Associated Incidents
An investigation into the $35 million stolen from a bank in the United Arab Emirates in January 2020 found that fake voice technology was used to impersonate a company director known to a bank branch manager, who then authorized the transaction.
The crime took place on January 15 last year, and is described in a request (PDF) the UAE was providing to US state authorities to help track down a portion of the embezzled funds sent to the US.
The request states that the manager of the unnamed bank branch in the UAE received a familiar voicemail, which, along with accompanying emails from a lawyer named Martin Zelner, convinced the manager to pay the money, apparently for company ownership.
The application states:
According to UAE authorities, on January 15, 2020, the branch manager of the Victim Company received a call claiming to be from the company’s headquarters. The caller appeared to be the CEO of the company, so the branch manager believed the call was legitimate.

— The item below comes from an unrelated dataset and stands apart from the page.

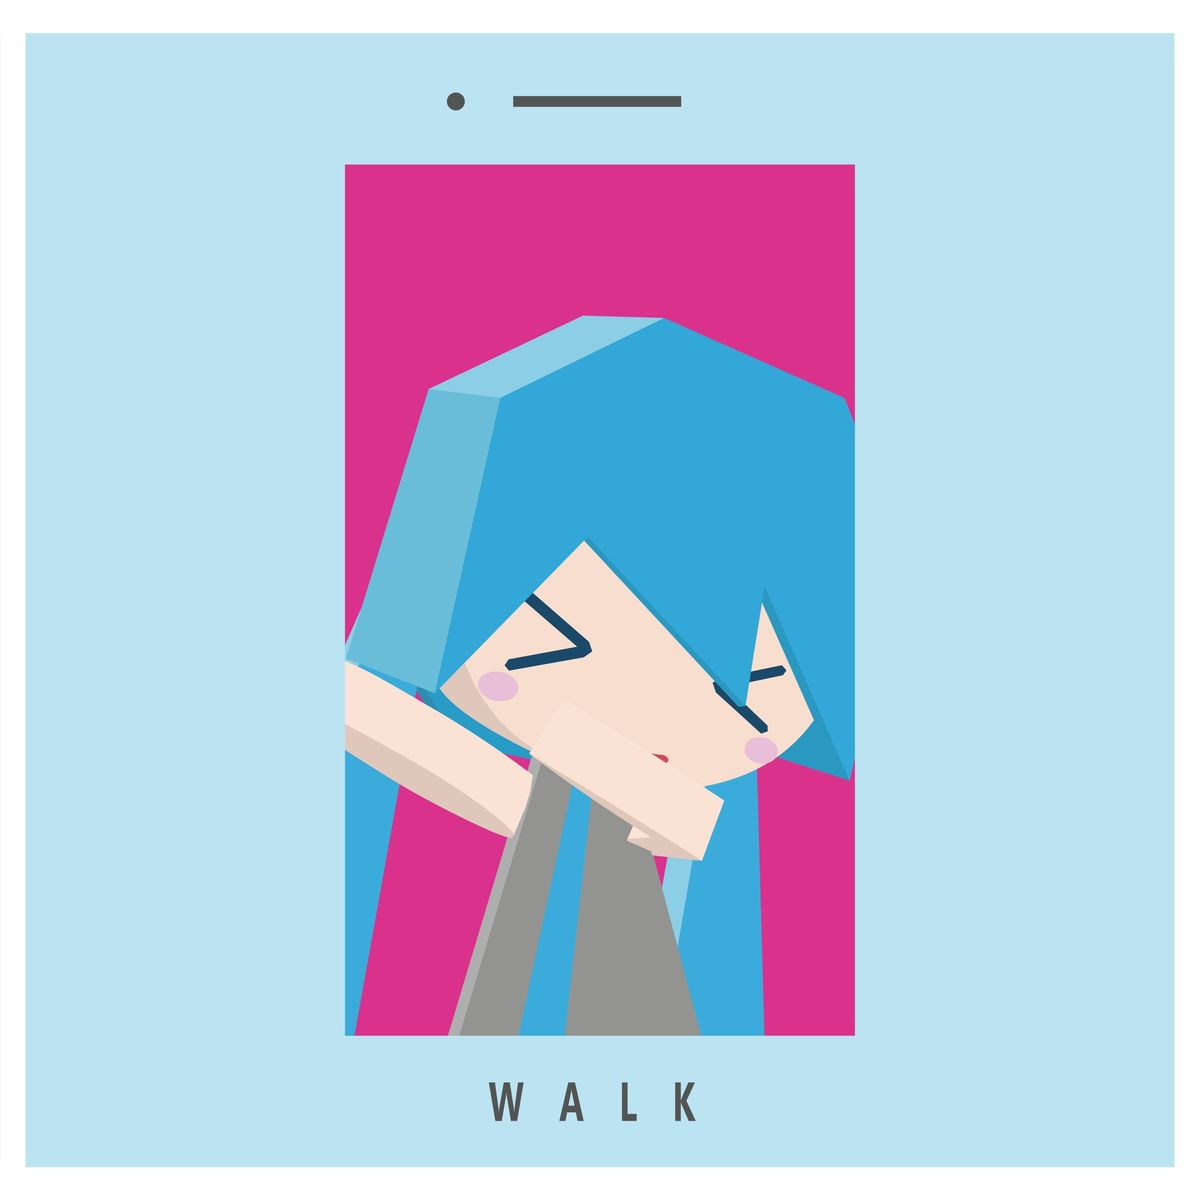 [23.EXE] [213MB] WALK [FLAC 44.1kHz/16bit]

"The branch manager also received several emails that he believed were from the CEO in connection with the call. The caller informed the branch manager by phone and email that the victim's company was about to be acquired by another company, and that a lawyer named Martin Zelner (Zelner) had been authorized to coordinate the acquisition process.'
The branch manager then received emails from Zelner, along with a letter of authorization from the CEO (presumably) whose voice was familiar to the victim.
Voice Fraud Detected
Emirati investigators then determined that voice-faking technology was used to imitate the voice of the company's CEO:
The UAE investigation revealed that the defendants used "deep voice" technology to mimic the voice of the Director. In January 2020, funds were transferred from the Victim Company to several bank accounts in other countries in a sophisticated scheme involving at least 17 known and unknown defendants. UAE authorities traced the movement of this money across multiple accounts and identified two transfers to the United States.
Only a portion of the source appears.